Semiannual Department or Business Unit Objectives
The semiannual department or business unit objectives for each executive officer (other than Ms. Goodman) will be established by Ms. Goodman and reviewed with the Compensation Committee and will be tied to the financial and/or operating performance of the department or business unit in which the executive officer is engaged. The Compensation Committee will establish the semiannual objectives for Ms. Goodman. The semiannual department or business unit objectives will be established at the beginning of each of the first and third quarters of 2013. As of the date of the filing of this Current Report on Form 8-K, the semiannual department or business unit objectives for the Company's executive officers have not been established.
Forms of Stock Option Agreements
On December 4, 2012, the Compensation Committee approved a new form of nonstatutory stock option agreement and a new form of incentive stock option agreement for grants of stock options to executive officers under the 2011 Plan. The terms of the new forms of stock option agreements are consistent with the prior forms of stock option agreements, except that the new forms of stock option agreements eliminate the prior automatic vesting of 50% of the unvested portion of each stock option immediately upon a Change of Control (single trigger vesting) and instead provide that the stock option vests in full (rather than the remaining unvested portion) if, prior to the one year anniversary of a "Change of Control" of the Company, the employment of the executive officer is terminated by the Company without "Cause" or by the executive officer for "Good Reason," as each such term is defined in the stock option agreement.
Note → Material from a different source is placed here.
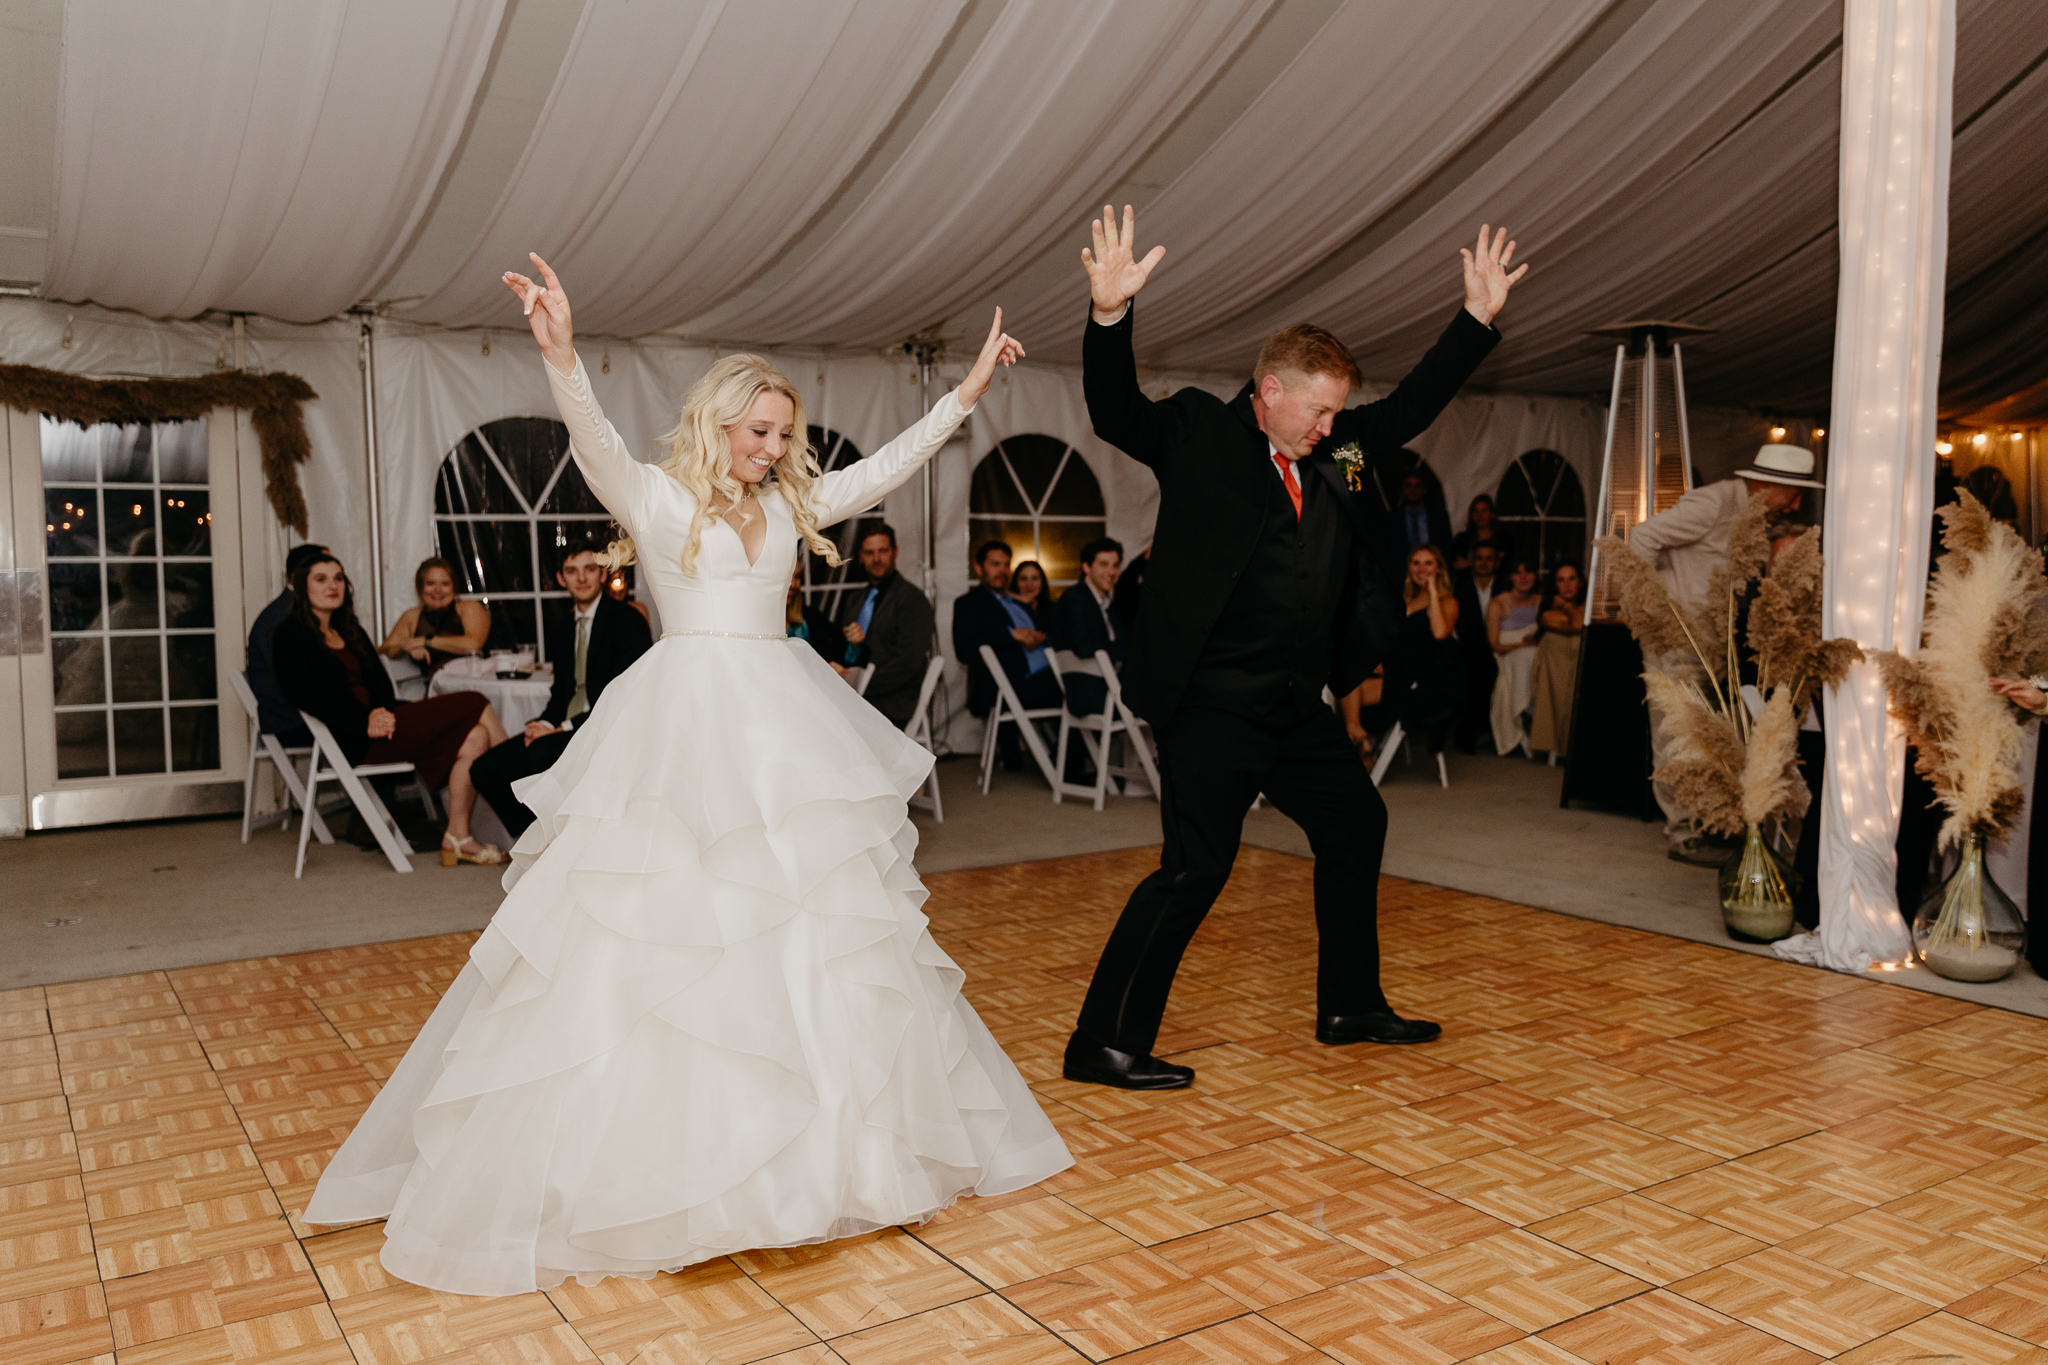 Bride and father dancing together during the father daughter dance, in a white tent wedding
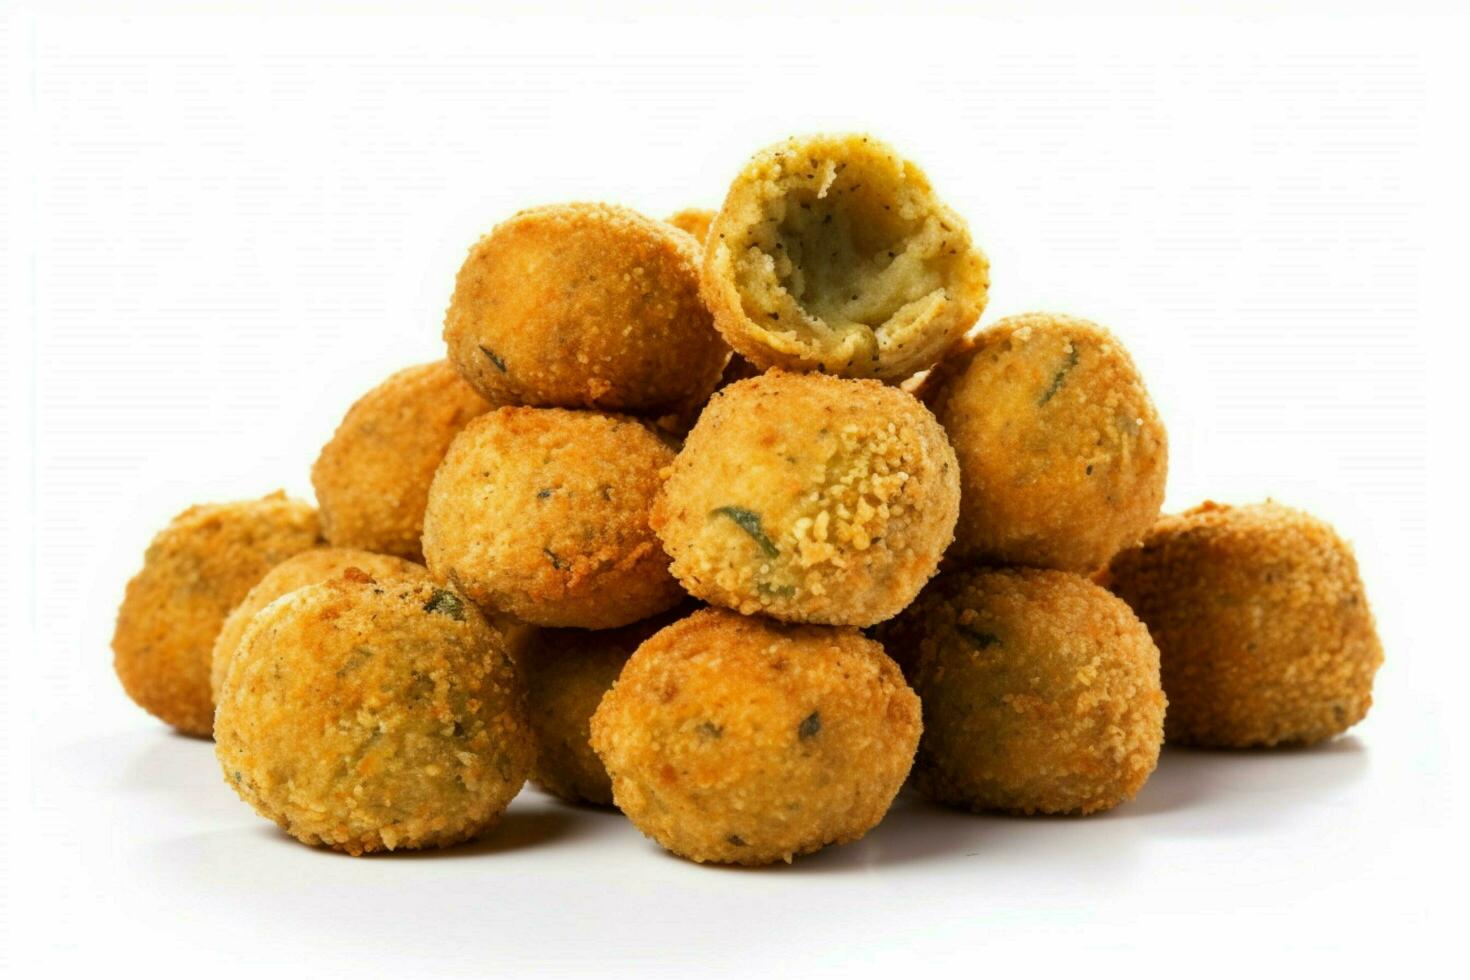 photo of falafel with no background

Forms of Performance-Based Restricted Stock Unit Agreements
On December 4, 2012, the Compensation Committee approved a new form of performance-based restricted stock unit agreement (revenue based) (the "Revenue RSU Agreement") and a new form of performance-based restricted stock unit agreement (total shareholder return based) (the "TSR RSU Agreement") for grants of performance-based RSUs to the Company's executive officers, including its named executive officers, under the 2011 Plan.
Under the terms of the TSR RSU Agreement, the RSUs subject to the agreement will vest upon the achievement of a "Total Shareholder Return" target, as compared to a specified peer group of companies, provided that the executive remains employed through the measurement period. The number of RSUs that will vest upon achievement of the Total Shareholder Return target will vary based on the level of achievement from a maximum of 125% of the target shares specified in the TSR RSU Agreement to a threshold of 50% of the target shares specified in the TSR RSU Agreement, with no vesting, absent certain circumstances in a "Change of Control," if the threshold requirement is not achieved.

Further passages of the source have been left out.